The models we constructed depend on observed community sizes (total cell counts) and observed sample diversity. To determine the impact of model inaccuracies (over- or underestimates of community size or diversity) on estimates of sample scale, sampling curves were calculated for lognormal models based on Rmax values of 10, 11, and 12 (Fig. 6B). By using these values, theoretical communities were constructed that contained the same number of species (4,000) but varied in size by a factor of 8 (NT = 4 x 107, 1.2 x 108, and 4 x 108 cells, respectively). The required sample size for detection of the most abundant 50 species in each community was 1,639, 1,481, and 1,472 individuals, respectively. Varying the total number of species (ST) also had a minor effect on sample scale estimates. For example, for model communities containing 4,000, 6,000, or 10,000 species (Rmax = 11), the required sample sizes were 1,481, 1,759, and 2,140 individuals, respectively. The data show that for sampling the top fraction of the community, sample size increases as species diversity (ST) increases or as community size (Rmax) decreases. These relationships change, however, as progressively larger fractions of community diversity are sampled (Fig. 6B). Nonetheless, the magnitude of calculated sample sizes for surveying a specified set of species is generally similar despite small changes (potential inaccuracies) in model parameters.
| DISCUSSION |
|---|
|
|
|---|
Interpreting division-level community composition and structure.

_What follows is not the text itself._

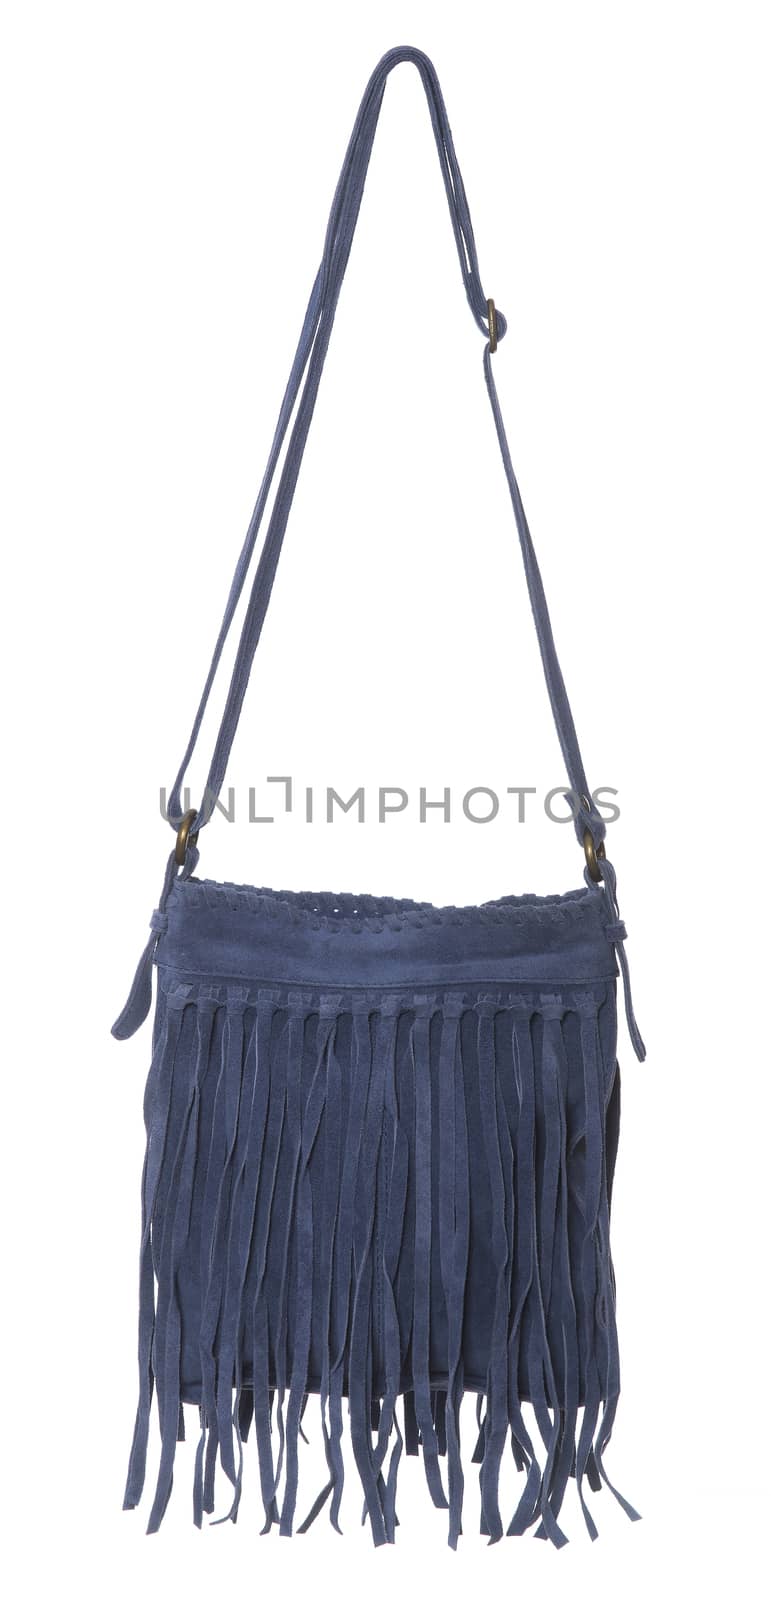 Blue womans purse isolated on white background

The structure and composition of biological communities are indicators of ecological complexity, evolutionary history, and community boundaries. At the species level, community structure can reveal differences in resource availability or in resource partitioning and succession status. However, at higher taxonomic levels such as the division level, the ecological significance of community composition and structure is ambiguous. The ecological relevance of differences in division abundance is impossible to interpret unless the change can be ascribed to natural selection acting upon a phenotype shared by most or all members of a division. While this situation is true for a few bacterial divisions, many divisions (e.g., the Proteobacteria) are known for the remarkable metabolic and ecological diversity of member species. It is therefore difficult to imagine that patterns of diversity at higher taxonomic levels are strongly shaped by primary ecological mechanisms.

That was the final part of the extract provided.